Paolo conducía enfocado en el camino. La luz del sol se filtraba por la ventanilla e iluminaba sus facciones bien definidas. Angelo entrecerró los ojos y lo observó con discreción.
Apoyó un brazo en la ventanilla y contempló el ir y venir de los carros.
Levantó la vista y una sonrisa se dibujó en sus labios.
—Oye, Paolo, quiero aprender a manejar.
Él rio.
—Claro que sí. En cuanto lleguemos a la casa, lo arreglo.
Angelo sonrió.
—Gracias, hermano.
Desde que eran niños, Paolo nunca le había negado nada.
En el fondo, siempre sintió que estaba en deuda con él.
Angelo veía por la ventanilla, perdido en sus pensamientos. De repente, como si recordara algo importante, se giró hacia su hermano, un poco agitado.
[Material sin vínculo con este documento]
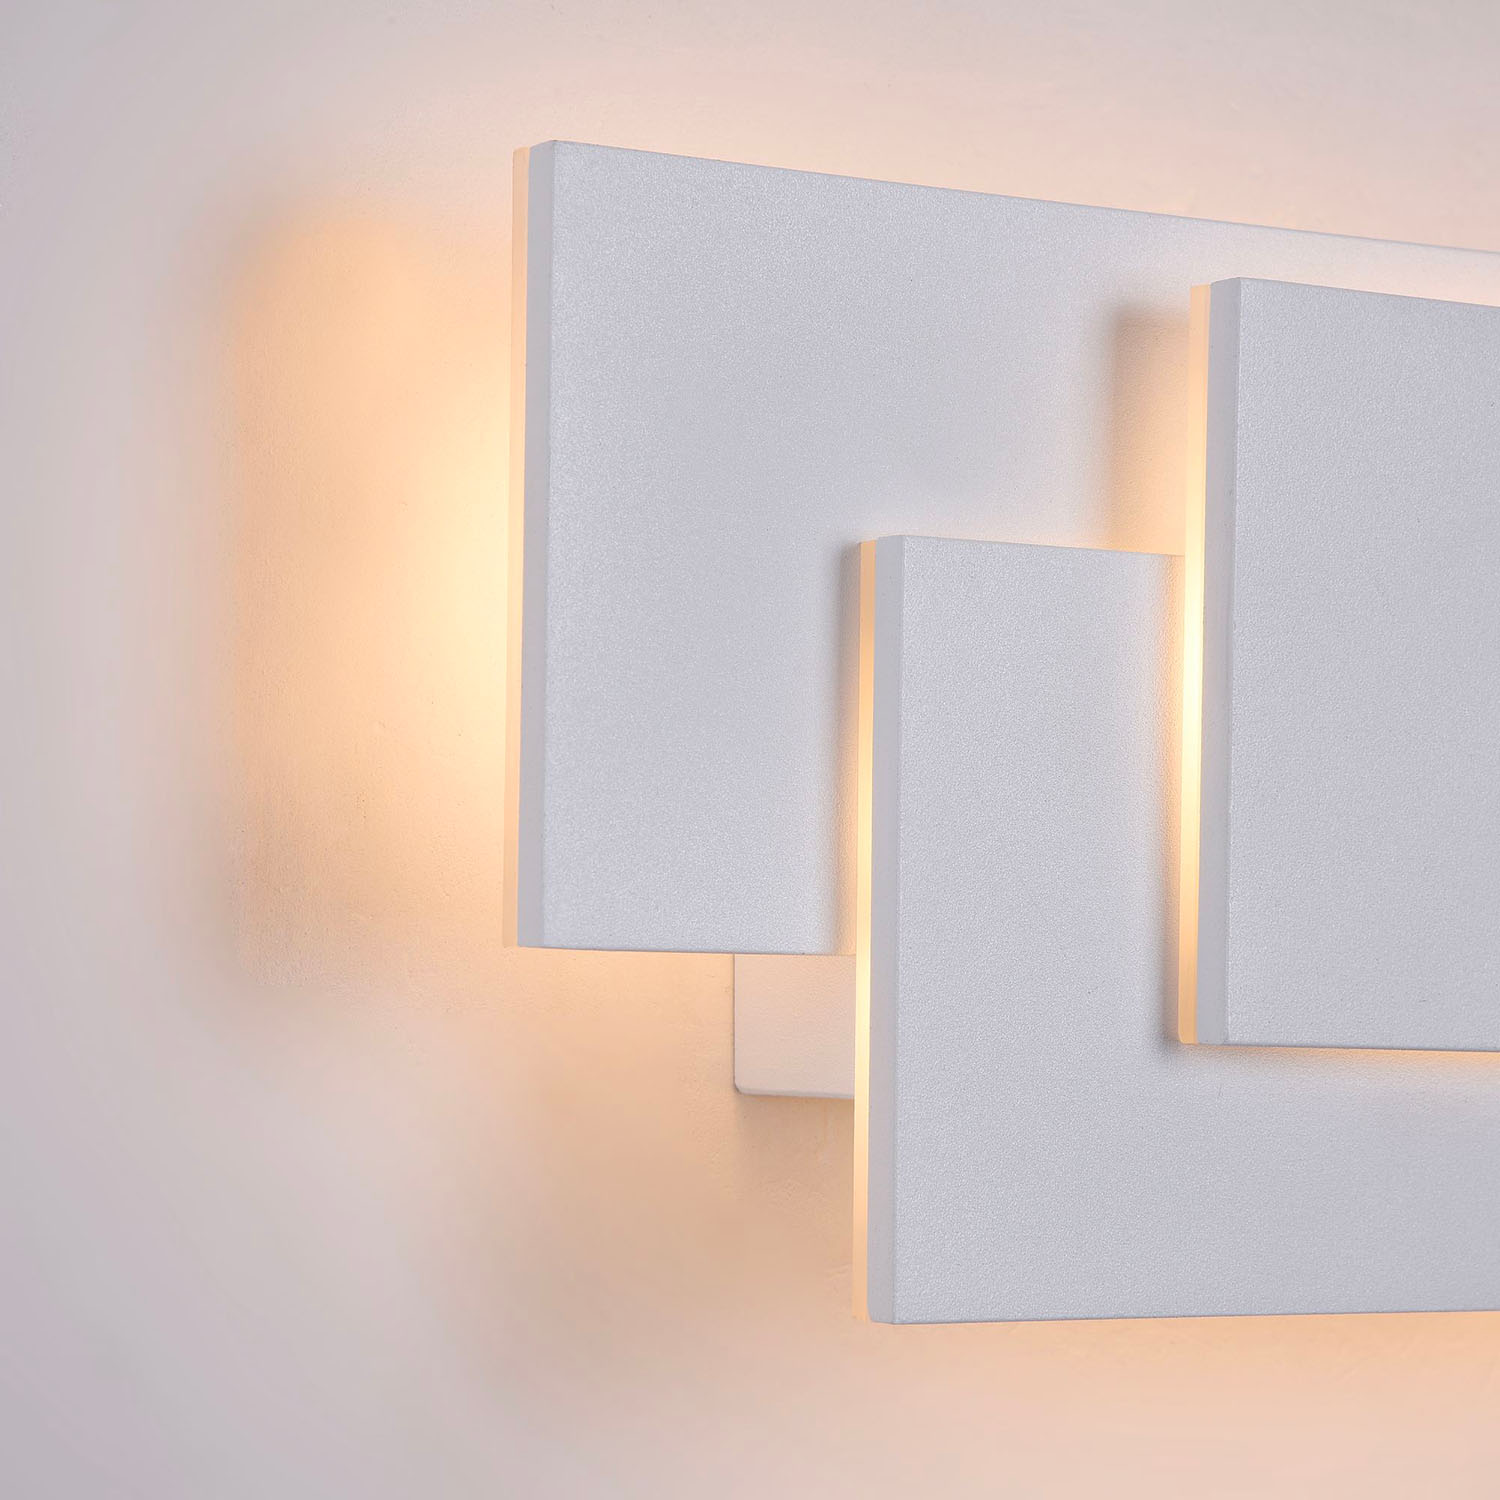 TRAME - White steel geometric design wall light

—Oye, ¿y Cristi? ¿Cómo ha estado?
La mano de Paolo se tensó sobre el volante.
—Bien. Ha estado bien.
Angelo sonrió con un dejo de nostalgia.
—Qué bueno. Cuando me fui a Inglaterra, era solo una niña. Seguro que ya es toda una mujer.
Paolo notó la mirada perdida de su hermano.